Figure 4. SthK channel voltage dependence.

(A) SthK voltage sensor domain (grey) with the 4 positively-charged residues in S4 in blue and L54 in S2 in green. The boxes zoom into the coordination between R111 and countercharges in S3 and S2 (orange) and between K114 and countercharges in S3 and S2 (green). Experimental density shown in light grey at 6 σ (top) and 4 σ (bottom). Dot representation displays water accessible cavities in the voltage sensor calculated with the program HOLE (red: pore radius <1.15 Å; green: pore radius 1.15–2.30 Å; blue: pore radius >2.30 Å). (B) Representative single-channel recording traces from SthK at different voltages (indicated, top of traces) displaying different open probabilities (indicated, right). The dashed line indicates the closed channel level. The traces were filtered online at 1 kHz and additionally filtered offline at 500 Hz. The ligand concentration was 1 mM cAMP. (C) Open probability as a function of voltage for the SthK channel for which selected traces are displayed in (B). Arrow indicates the open probability value at 0 mV, which is the voltage the channels experience on the cryo-EM grid. This experiment was performed for at least 7 different bilayers containing single SthK channels in saturating cAMP concentrations, and a plot showing an average Po vs. voltage curve is shown in ref. Schmidpeter et al. (2018).

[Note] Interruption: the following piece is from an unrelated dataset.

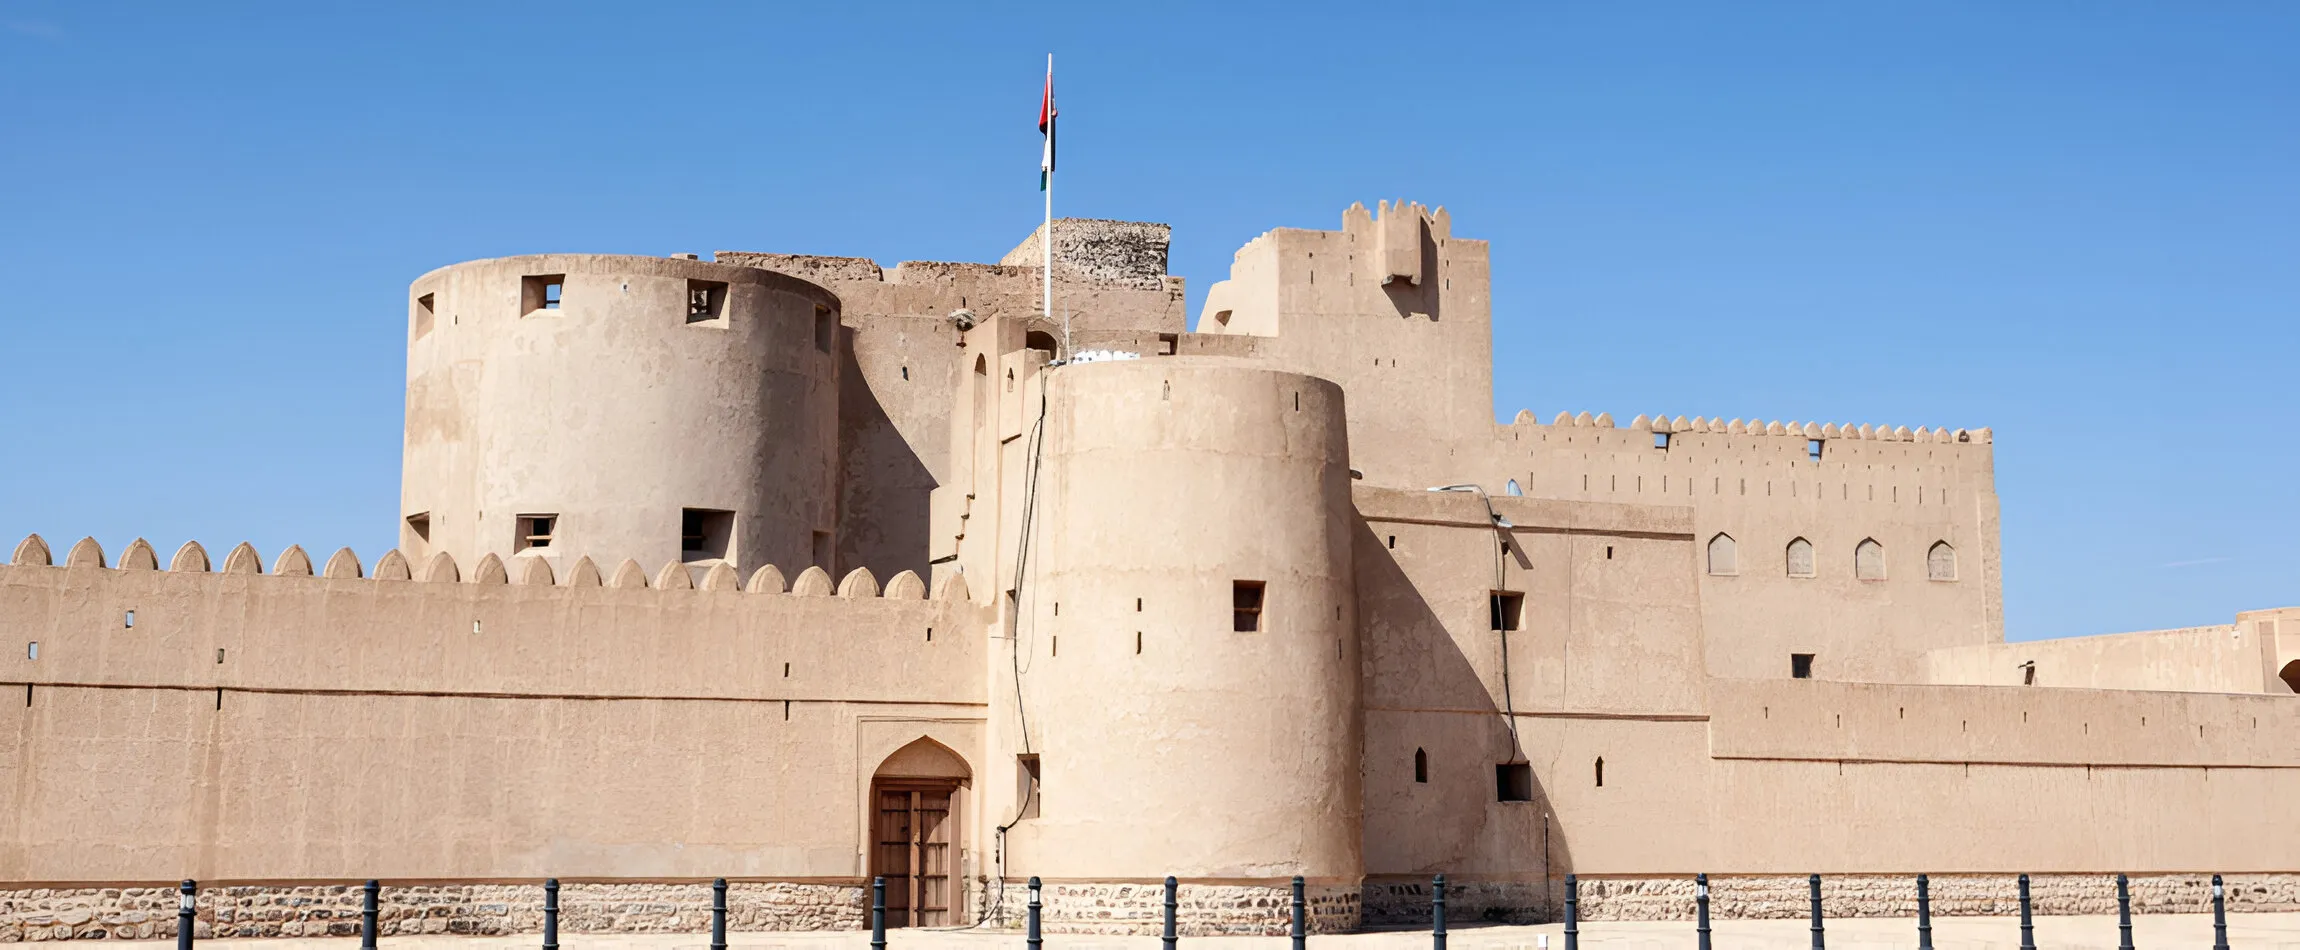 Jabrin-castle-a-masterpiece -Attractions in Oman

Figure 4—figure supplement 1. Voltage sensor domains in SthK and related channels.

Voltage sensor domains of SthK, HCN1, TAX-4 and KvAP (left to right) highlighting distribution of the charged residues (light blue) along S4 and selected countercharges (pink) in S2 and S3, and the charge transfer center (green) in S2. The protein is grey. PDB codes: apo SthK (6CJQ), cAMP HCN1 (5U6P), TAX-4 (5H3O), KvAP (1ORS).

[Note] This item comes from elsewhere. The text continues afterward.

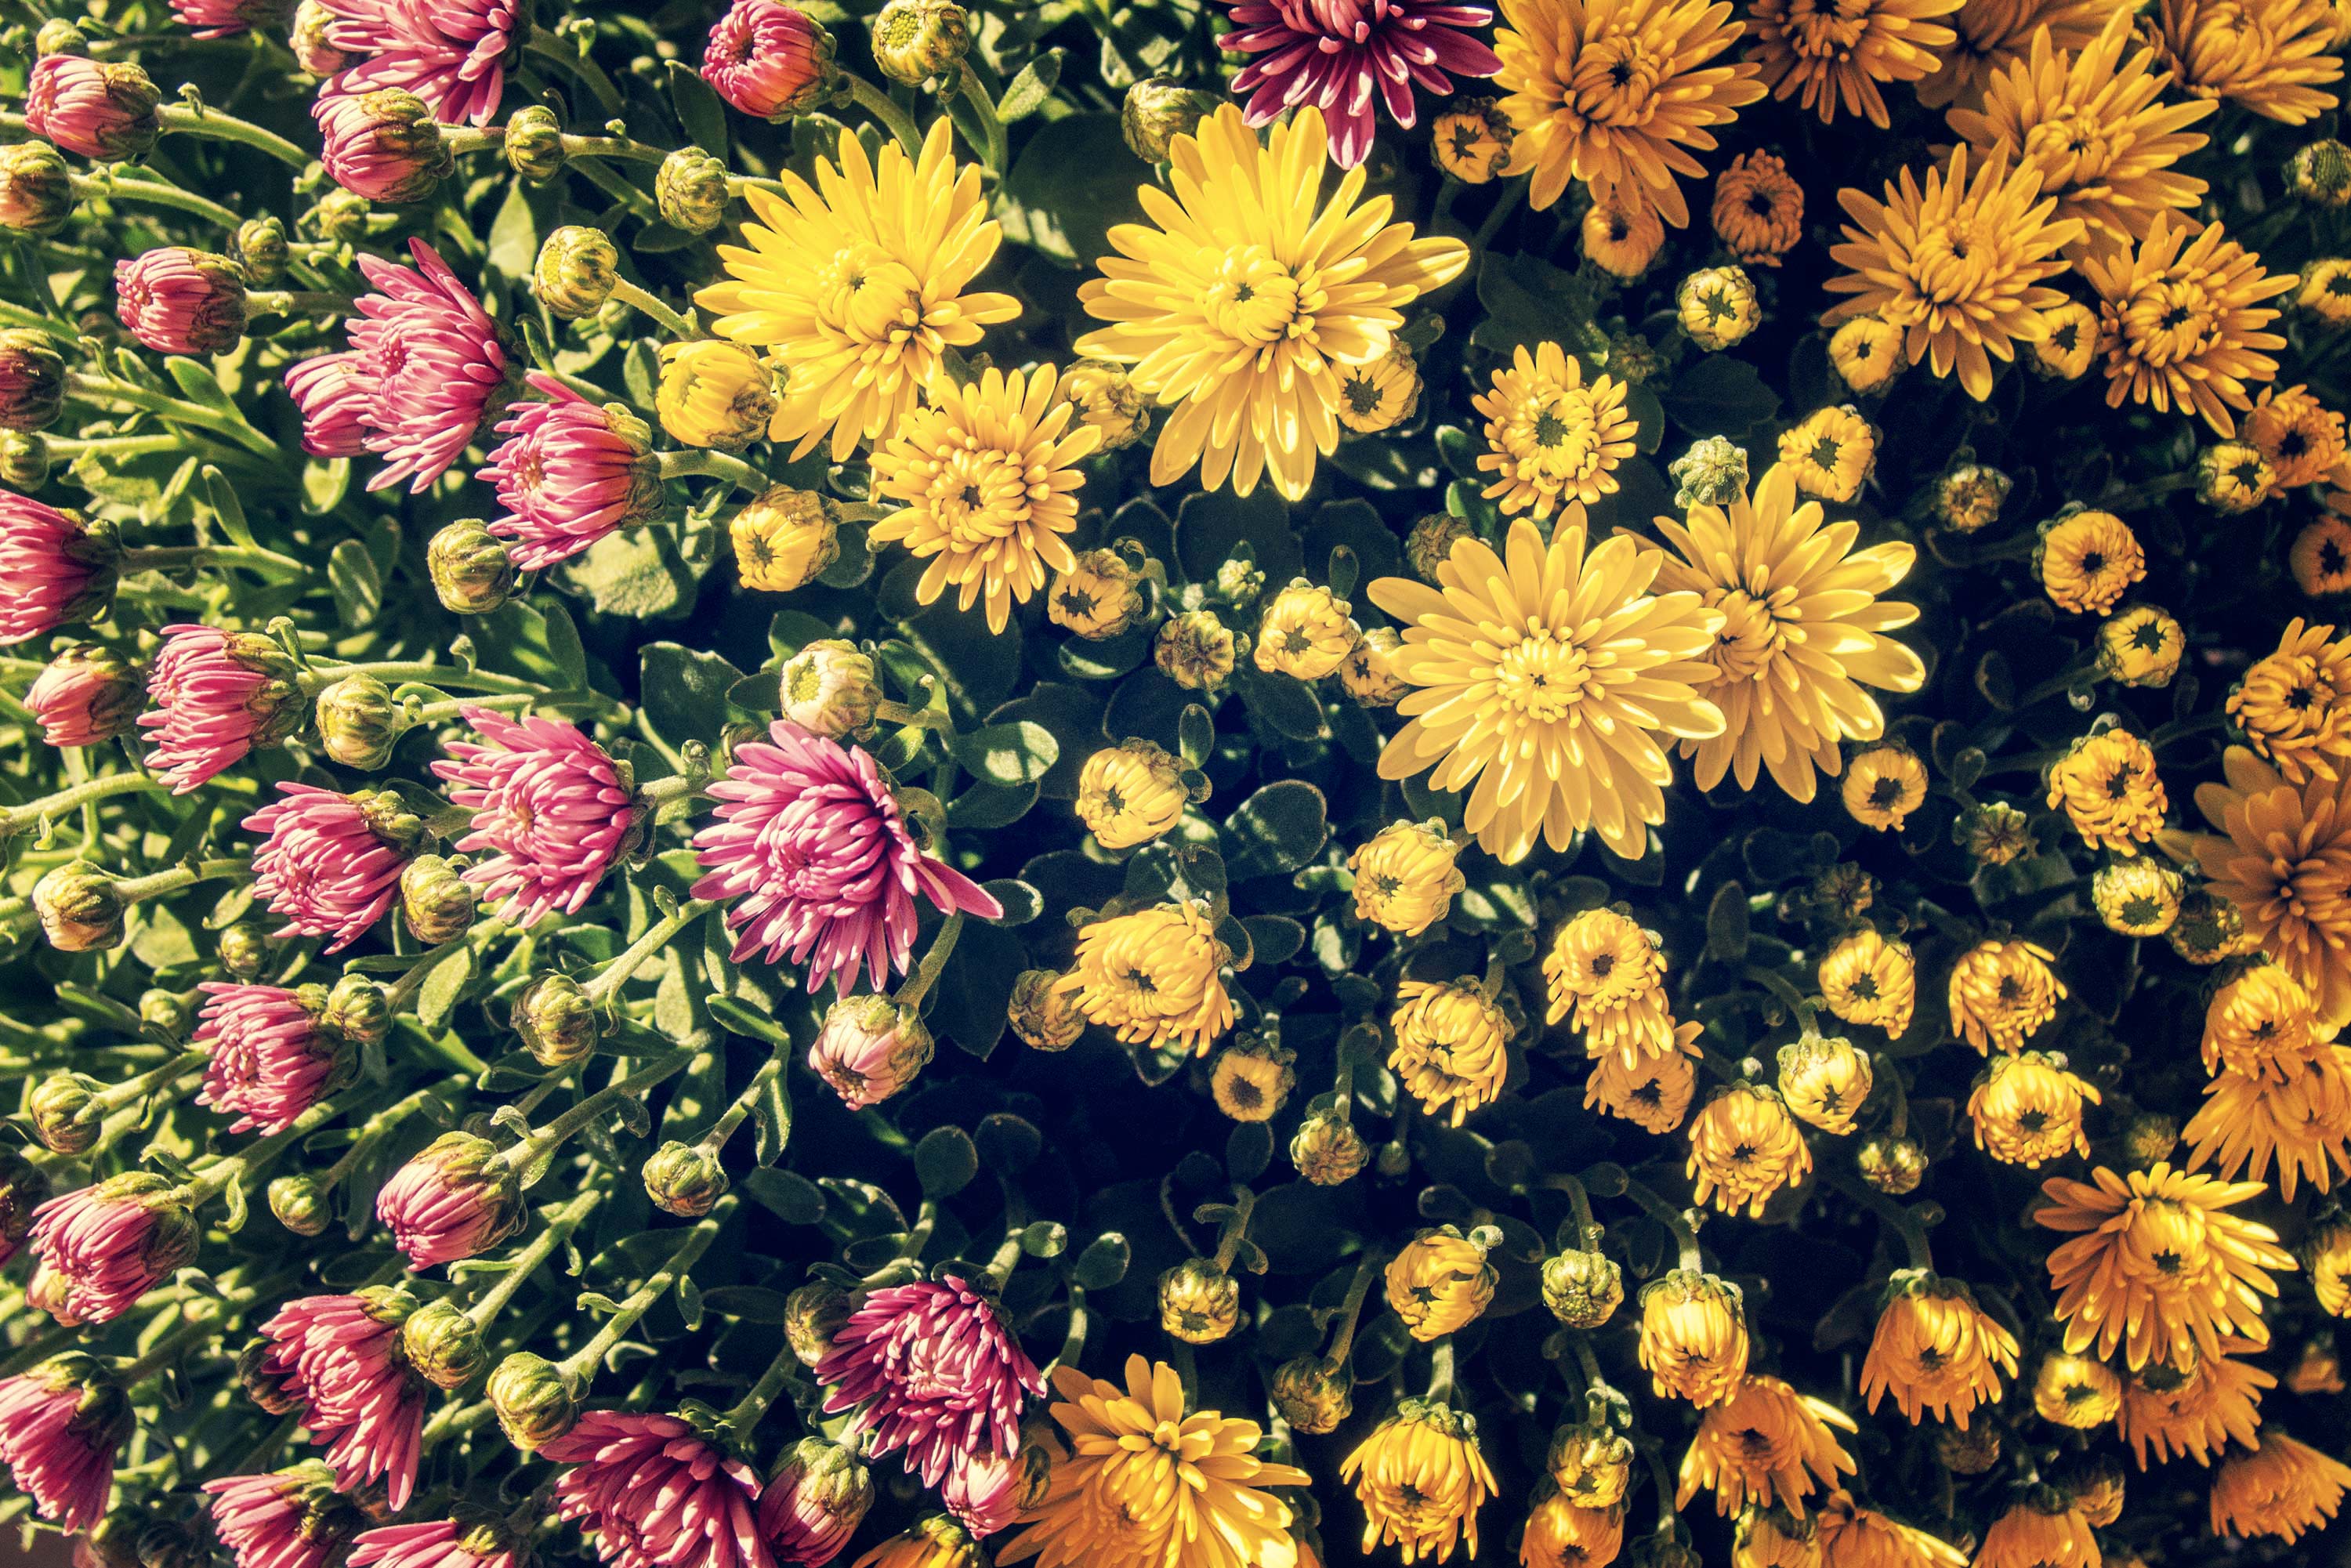 Free Image: Yellow Flowers | Libreshot Public Domain Photos

Figure 4—figure supplement 2. SthK single-channel analysis.

All-amplitude histograms of representative current traces from SthK in 1 mM cAMP and −100 mV (A) and +100 mV (B). Inset in A shows the peak at 16 pA on a different scale, for better visualization. Dwell-time histograms of open (C, D) and closed (E, F) time intervals for the same traces analyzed in A and B. Voltage is −100 mV for C and E, and +100 mV for D and F. The open dwell times were fit with one exponential component (red) and the closed dwell times were fit with 3 exponential components (blue). The dead time was 180 µs and only intervals longer than two dead times were included in the analysis. The few intervals longer than 500 ms were removed before the exponential fitting of the closed dwell times histogram. (G) Open dwell time histograms for single-SthK recordings for increasing concentrations of cAMP. From left to right: 1, 5, 10, 20, and 1000 µM cAMP. All histograms were fit with one exponential component whose time constant increases overall with increasing concentrations of cAMP (from left to right τ = 0.9, 0.7, 4, 7, 9 ms, respectively). The open probabilities corresponding to the recordings from which these dwell-time distributions were extracted are, from left to right, 0.002, 0.01, 0.16, 0.32, 0.36. Voltage was +100 mV and traces were filtered at 1 kHz.